New Data Analysis Explains Old Data

Until the three scientists published their paper, everyone assumed that the explosion happened because insufficiently trained plant operators tried to run emergency-simulation tests, and when the reactor started to reach critical temperature levels, the operators tried to insert all the control rods simultaneously. Experts believed that the graphite tips on the control rods reacted in the extreme heat to produce a massive chemical explosion.

The new paper points out that a nuclear explosions would have resulted in damage to the reactor that just would not be possible in a chemical or steam explosion.

The damage evident to the 6.6-foot thick floor of the reactor vessel, which was melted right under the core, would be better explained by a nuclear explosion which would have produced the significant heat needed to melt over six feet of steel.

The entire bottom of the reactor vessel was driven downward 13 feet. A secondary steam explosion could have done this, the scientists concede.

However the detection of xenon isotopes some 600 miles northeast, while the main plume of fallout went northwest, cannot be explained unless the first explosion was much more forceful than previously imagined.

While the science to measure the radioactive fallout was available at the time, the computational power needed to precisely model atmospheric airflow patterns was not. Using the latest meteorological science , the three nuclear physicists could see that the xenon isotopes, almost impossible to explain otherwise, could have come from Chernobyl.

General view of the concrete sarcophagus built over Reactor 4 at the Chernobyl nuclear plant, on July 9, 2003. On 26 April, 1986 an out-of-control nuclear reaction blew the roof off the steel building holding reactor 4 and spewed tons of radioactive material into the air. (Sergey Supinski/AFP/Getty Images)
General view of the concrete sarcophagus built over Reactor 4 at the Chernobyl nuclear plant, on July 9, 2003. On 26 April, 1986, an out-of-control nuclear reaction blew the roof off the steel building holding reactor 4 and spewed tons of radioactive material into the air. (Sergey Supinski/AFP/Getty Images)

Outmoded Reactor Design

De Geer pointed out to Fox News that the type of explosion which happened at Chernobyl could only happen with that outmoded and poorly designed Soviet-era reactor of the type called Reaktor Bolshoy Moshchnosti Kanalnyy (RBMK) or “high power channel-type reactor,” also called a light water graphite-moderated reactor (LWGR).

The reactor was designed so that its fuel rods could be removed and replaced while the reactor was still operating, so that refueling didn’t necessitate shutting down and cutting off power to the surrounding area. The design also allowed the reactor to run with insufficient cooling.

As the reactor’s coolant – water – boiled away as steam in the Chernobyl reactor, operators lost the means to control the reaction, which quickly accelerated until pressures within the reactor were beyond the tolerance of the system.

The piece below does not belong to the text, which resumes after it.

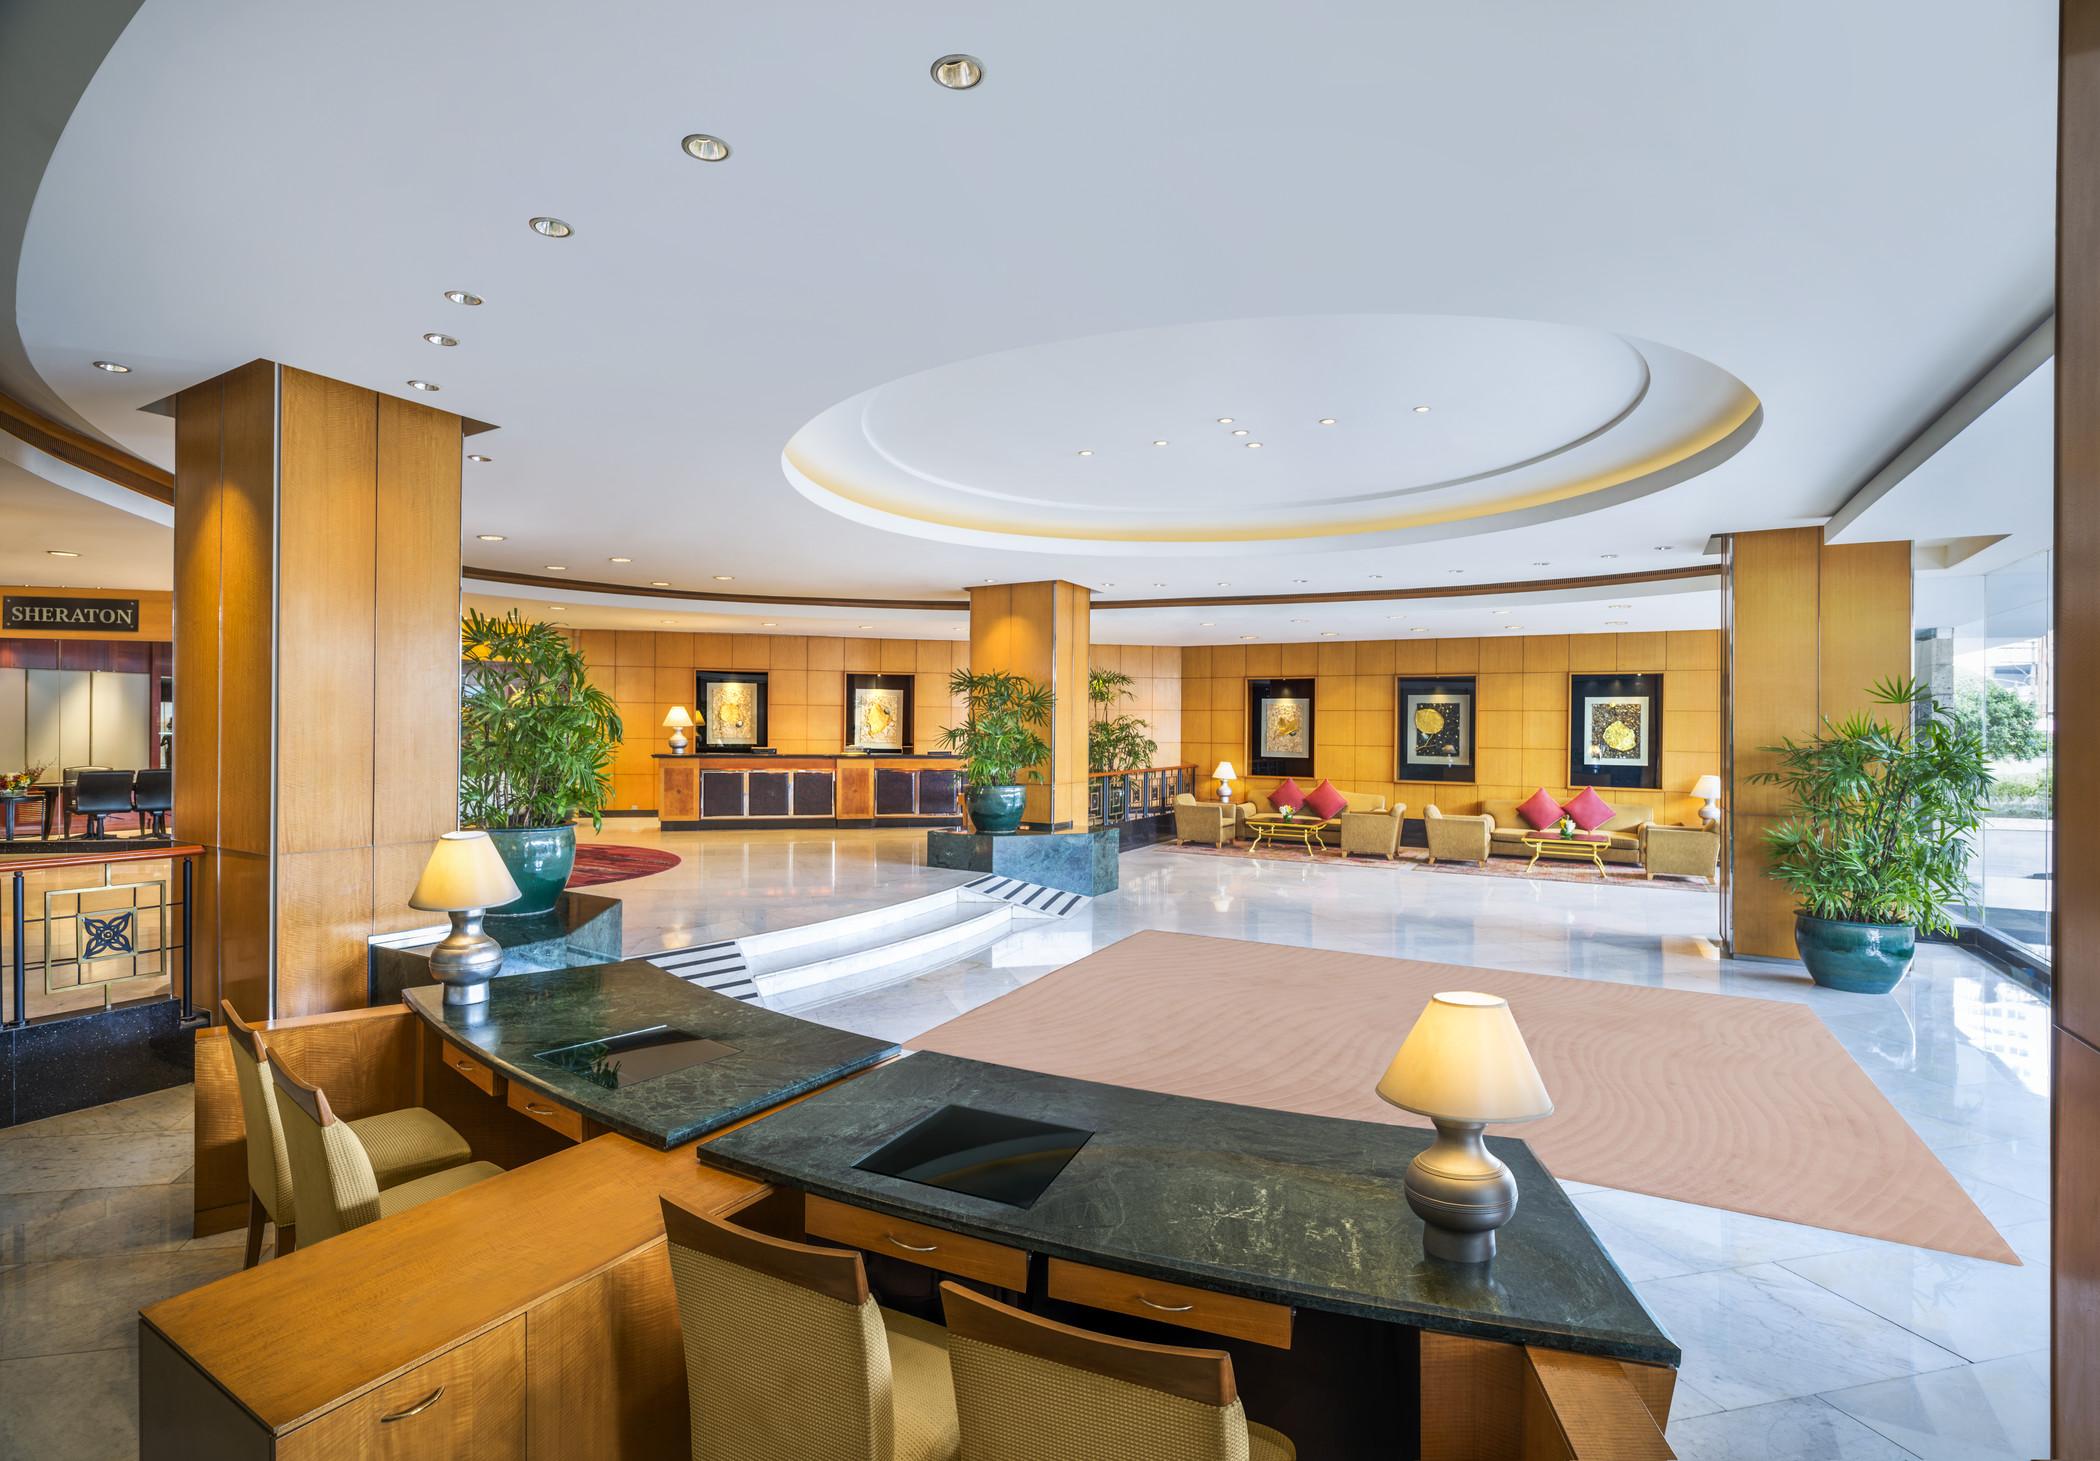 Royal Orchid Sheraton Hotel Amp Towers Bangkok River

According to the World Nuclear Association, there are 11 such reactors currently operating in Russia, but they are of an improved and updated design.

De Geer noted that the current Russian RBMK reactors are much safer.

“Our new theory deepens the understanding of the severe effects that can be the result of some original design faults in such reactors,”De Geer told Fox News.

“Much has been corrected in remaining RBMK reactors, but a better understanding of what really happened in 1986 must of course be of great value for overseeing and possibly improving the design also in the future.”